Программа по изготовлению афоризмов работала у него как оборонный завод, исправно выбрасывая в свет по два-три отменных перла человеческой мудрости еженедельно. По этому поводу он принимал поздравления коллег, друзей и каких-то совершенно даже незнакомых людей — тщеславие его удовлетворенно трепетало, и все прочие неудачи виделись как бы в радужном баюкающем тумане… Его пригласили в команду Ежеватова на тему «ЕВРАЗИЯ», это была уже подлинная победа сил разума и прогресса, еще год назад он о таком и мечтать бы не посмел. Ежеватов
Ежеватов принял его лично, швырнул на рычаги телефонную трубку, еще горячий, еще раскаленный после очередной телефонной драки, и рявкнул ему, сверкая очами: «Б…дей надо п…дячить, правильно я понимаю, Станислав Зиновьевич?!» И только после этого перешел к делу — очертил круг задач и сферу ожиданий. Станиславу надлежало заниматься программой АНТИТЬЮРИНГ: доводить до ума машинную программу, способную опровергнуть давнюю идею Тьюринга, что-де машину можно будет назвать мыслящей тогда, когда диалог с нею (обмен письмами, скажем) невозможно станет отличить от диалога с человеком. Собственно, программа такая уже вчерне была создана, надлежало только отшлифовать ее до безукоризненного блеска и доказать окончательно, что нет и быть не может никакого разума машины, а есть только разум, ловкость и квалификация программиста… (Виконт по этому поводу произнес задумчиво: «Хм… С тем же успехом можно объявить, что нет и быть не может никакого разума у человека, а есть одна только ловкость и квалификация воспитателя-педагога…»)

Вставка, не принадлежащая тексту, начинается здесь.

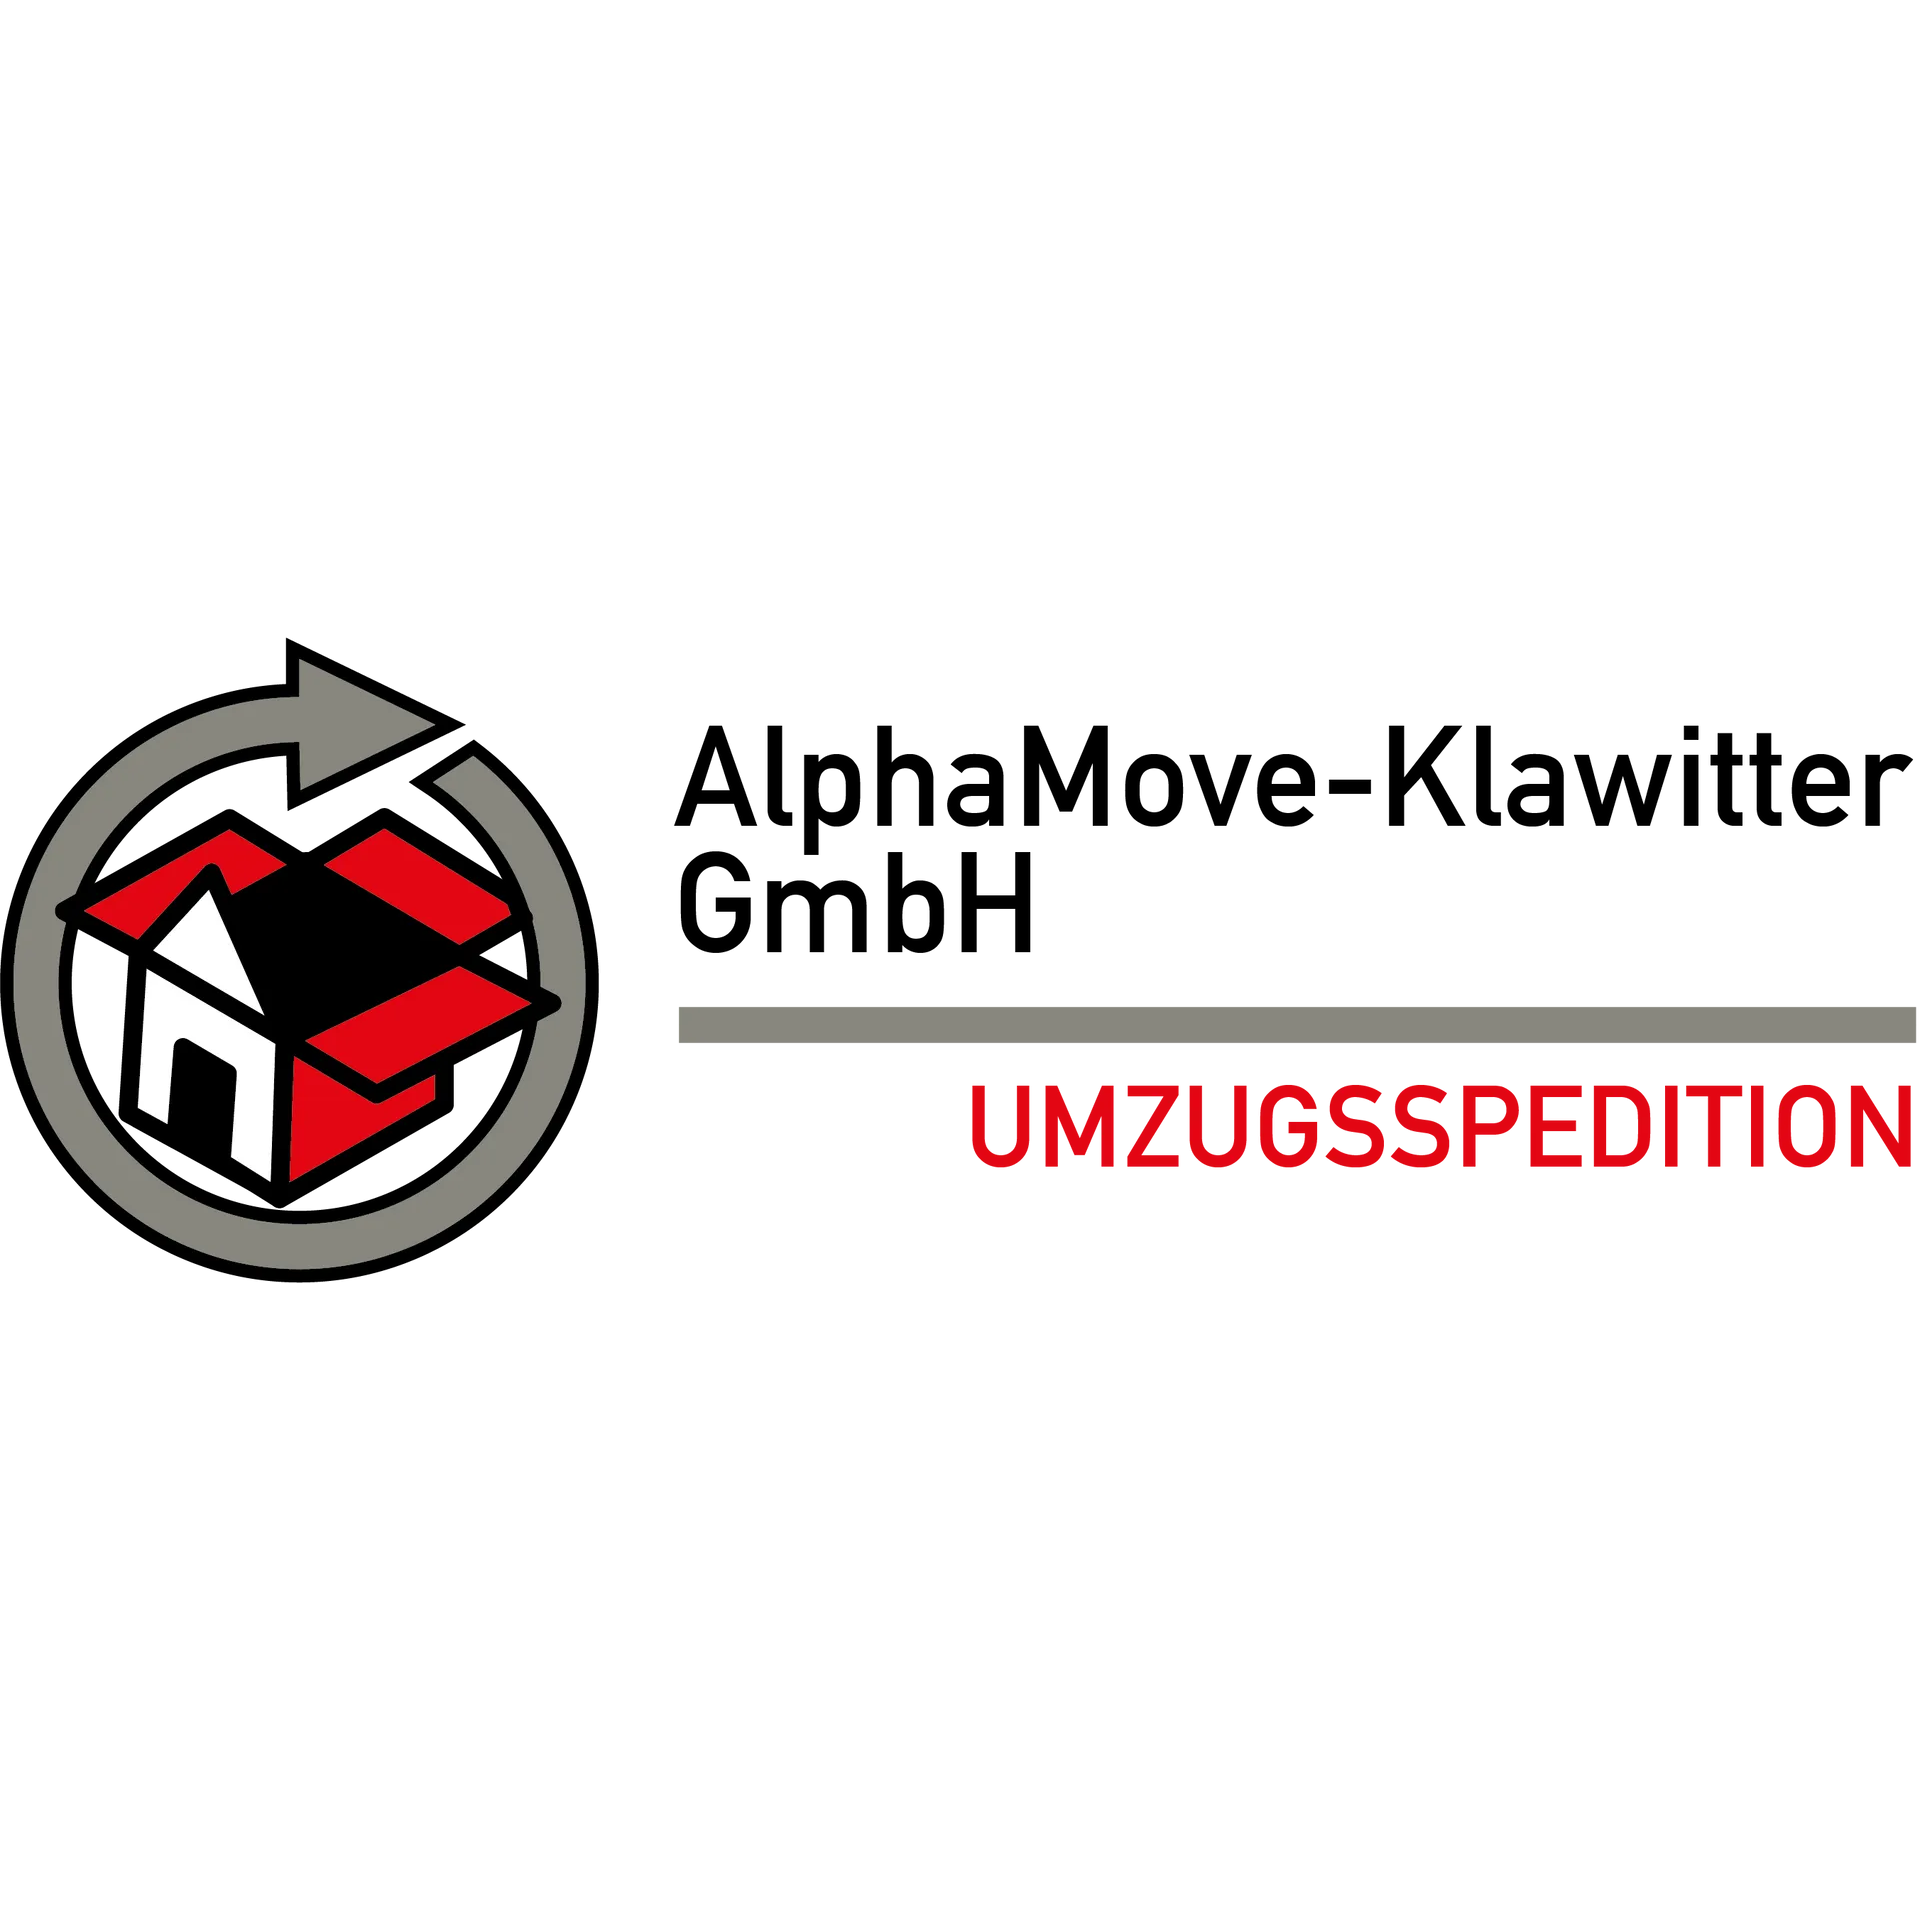 AlphaMove-Klawitter GmbH

И тут внезапно позвонили из «Красной зари» и попросили зайти. Срочно. Сегодня же. Лучше бы — вчера. Но можно и завтра… Он сразу же забыл все — афоризмы, Тьюринга, Ежеватова и даже Лариску, которой именно назавтра был обещан «день сельских наслаждений»… Он надел свой самый официальный и самый новый костюм и явился в редакцию за десять минут до назначенного срока. Ждать редактора ему пришлось всего лишь сорок две минуты.

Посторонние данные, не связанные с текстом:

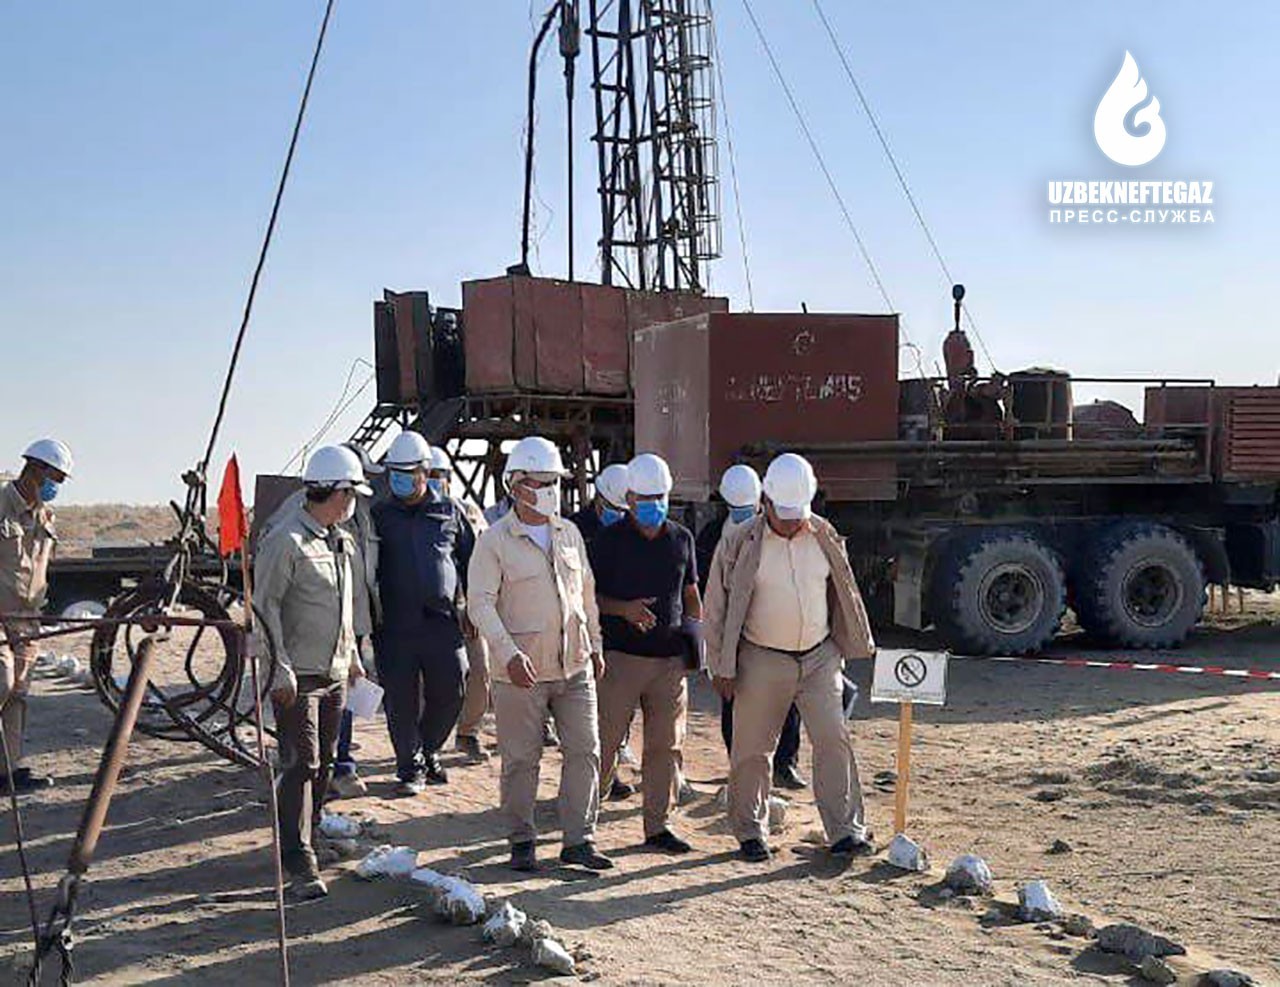 «Узбекнефтегаз»: Председатель Правления посетил Кашкадарью с целью изучения деятельности месторождений природного газа и скважин

Редактор поздоровался за руку, предложил сесть и сразу же принялся говорить. Он говорил быстро, много и неразборчиво, — казалось, нарочито неразборчиво: он словно бы не хотел, чтобы его понимали. При этом он время от времени без всякой необходимости перелистывал рукопись, как будто желая как-то проиллюстрировать свои тезисы примерами из текста, но тут же подавляя в себе это желание. Станислав моментально перестал понимать, о чем идет речь, и только поражался очками редактора — это была какая-то супердиоптрийная оптика при супермодерновой оправе. Впрочем, он уловил главное: рукопись редактору нравилась, но следовало обязательно учесть замечания рецензентов. Замечания прилагались, и Станислав надеялся, что потом, в спокойной домашней обстановке, он в этих замечаниях разберется и, разумеется, их учтет. Готовность учесть нарастала в нем с каждой минутою, и поэтому он только кивал, поджимал значительно губы и вежливо улыбался, когда у него возникало ощущение, что редактор берет шутливый тон. Потом в звуковой каше промелькнуло словечко «сократить».
— Сократить? — переспросил он на всякий случай.

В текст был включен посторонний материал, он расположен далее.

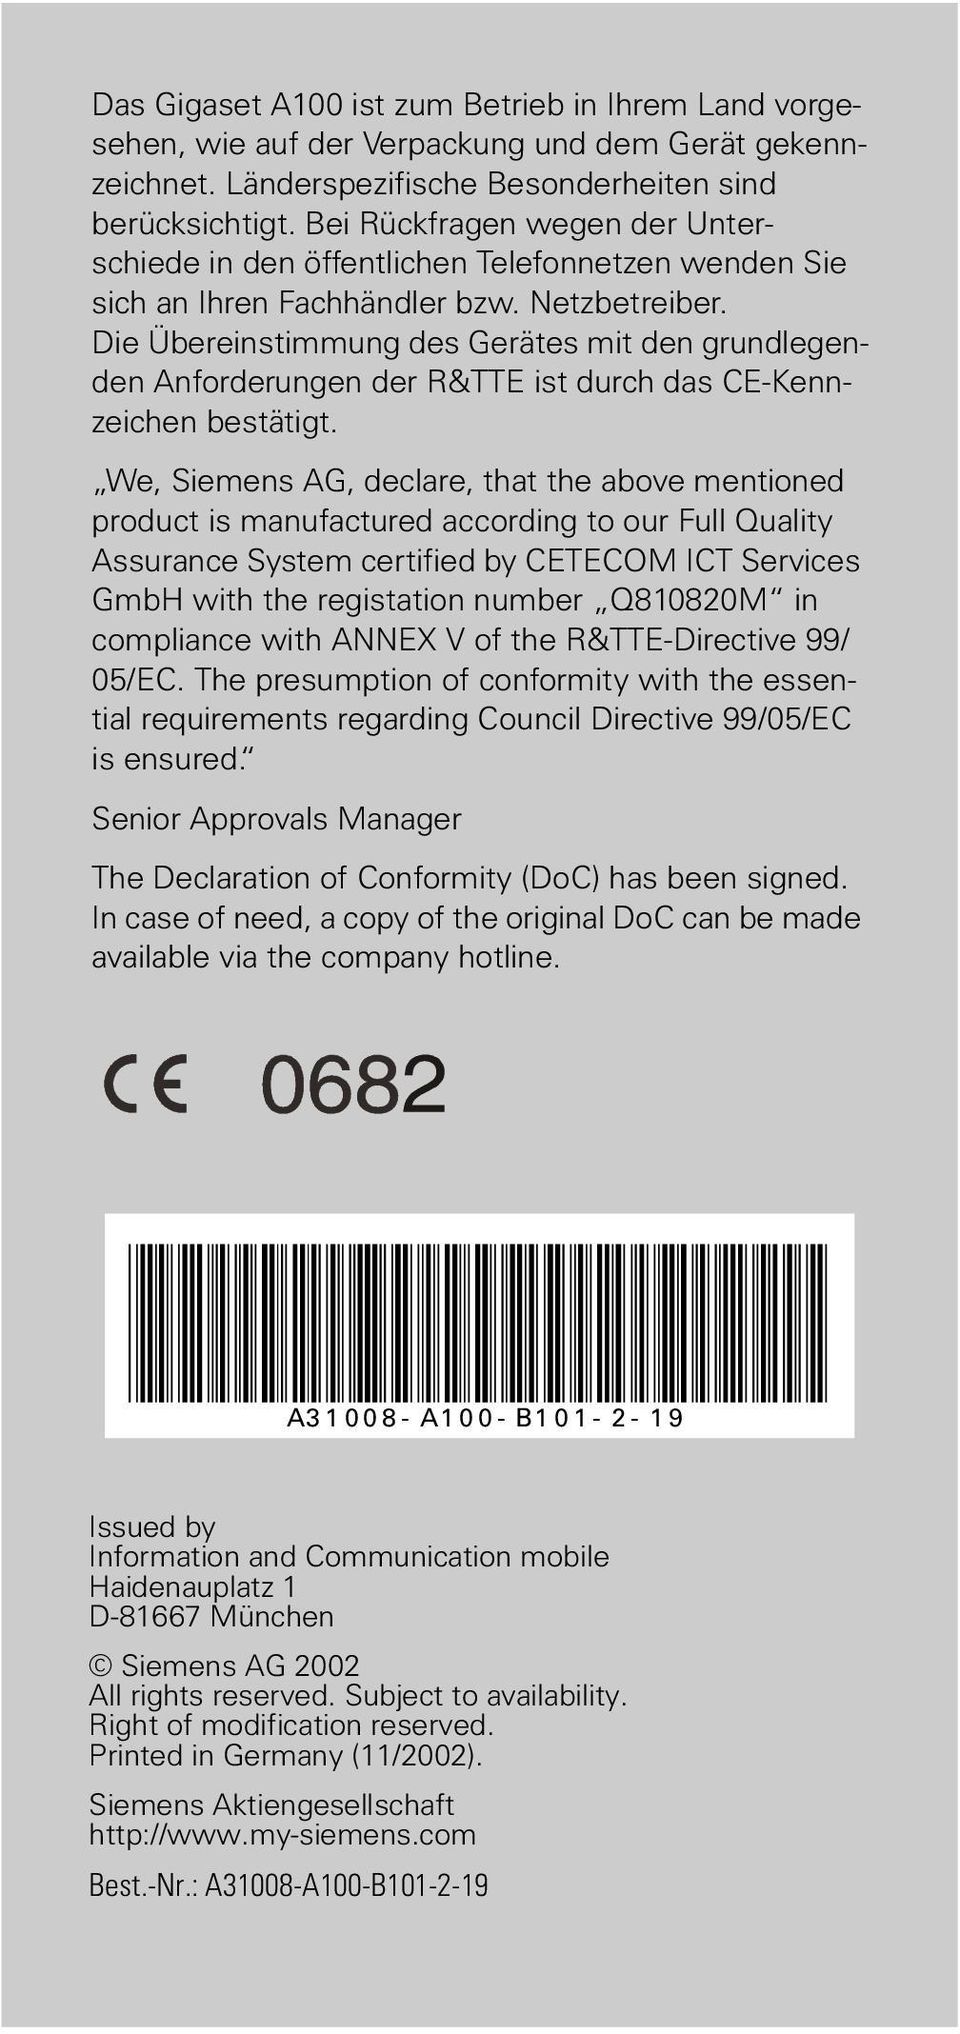 Die Übereinstimmung des Gerätes mit den grundlegenden Anforderungen der R&TTE ist durch das CE-Kennzeichen bestätigt.

— Да, — сказал редактор решительно, захлопнул папку и стал завязывать тесемочки.
— На сколько страниц? — спросил Станислав, уже прикидывая, что эпизод с газиком можно будет без особых потерь выкинуть.
— До двух листов, — сказал редактор, протягивая ему папку.
— То есть? — ошарашенное воображение предложило внутреннему взору Станислава результат такого сокращения: два жалких листочка рукописи — первый и последний.
— Н-ну, примерно до пятидесяти страниц.
Всего в рукописи было двести тридцать три страницы.
— НА пятьдесят страниц? — спросил Станислав на всякий случай.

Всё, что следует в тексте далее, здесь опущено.